3 Chords & the Truth: Shellac touchstones


You know what kind of music my parents were buying in 1947? Walter Brown -- "My Baby's Boogie Woogie."


Low-down blues. "Race" music. Along with pop, jump and country twangfests like the Delmore Brothers (above).

"She's got what it takes, make a preacher lay his Bible down," sangeth Mr. Brown. You should hear the flip side -- and you will . . . on this week's edition of 3 Chords & the Truth.

This is a special one, this episode of the Big Show. If you want to know the music of my soul, this will get you pretty close.

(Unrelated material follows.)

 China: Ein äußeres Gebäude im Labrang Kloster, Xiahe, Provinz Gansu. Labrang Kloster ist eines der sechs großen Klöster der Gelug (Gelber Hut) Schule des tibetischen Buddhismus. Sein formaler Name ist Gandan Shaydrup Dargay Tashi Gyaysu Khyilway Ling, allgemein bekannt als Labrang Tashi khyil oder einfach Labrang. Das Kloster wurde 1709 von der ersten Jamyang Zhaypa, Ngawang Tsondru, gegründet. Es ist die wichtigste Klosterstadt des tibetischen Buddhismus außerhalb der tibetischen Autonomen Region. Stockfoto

If you want to know what was it that made your Mighty Favog the musical creature that he is -- if you want to hear the records I was playing when I was but a lad, just old enough to get into my folks records and operate a record player -- this is it.

This is personal.


THIS WEEK'S 3 Chords & the Truth is who I am. This week's program sounds like the world -- the Deep South -- I was born into a half century ago. It's a sequel to this episode of the Big Show, only I go "there" a lot more this time around.

It was eclectic, the Louisiana . . . the South of my youth. It was seemingly at odds with itself if you didn't look any further than the surface of things. It was also rich beyond measure. So is the show today.

Take Walter Brown, the blues shouter who once sang with Jay McShann's orchestra. In the particular culture I entered into during the spring of 1961, black shouters like him could sit next to white twangers like Ernest Tubb in the record cabinet in the bottom of the old Silvertone . . . even if they couldn't share a seat on a city bus.

And no one thought twice about either peculiarity.

This explains my parents' music-buying habits of 1947, 14 years before I came along and about 18 years before I started raiding their music collection. It also explains the complex and contradictory inner lives of these people -- formed by the Southern society that brought us Louis Armstrong, Hank Williams and Jim Crow -- who could in 1947 buy racy records by blues shouters, then in 1971 yell at me about my expletive-deleted "n***er music."

People who thought Dick Clark was a communist.

Those Wallace and Duke voters.

A couple more of the blackest white people on earth -- as Southern Caucasians surely are -- who may have found it just cause for homicide if you had told them that back in the day.

THE SOUTH: It's a mystery, wrapped in a riddle, tucked away in an enigma and fueled by contradiction. This week, you can look under its hood a little bit
-- its and mine. You won't totally understand either of us at the end of this particular installment of the Big Show . . . but it will be a start.

It's 3 Chords & the Truth, y'all. Be there. Aloha.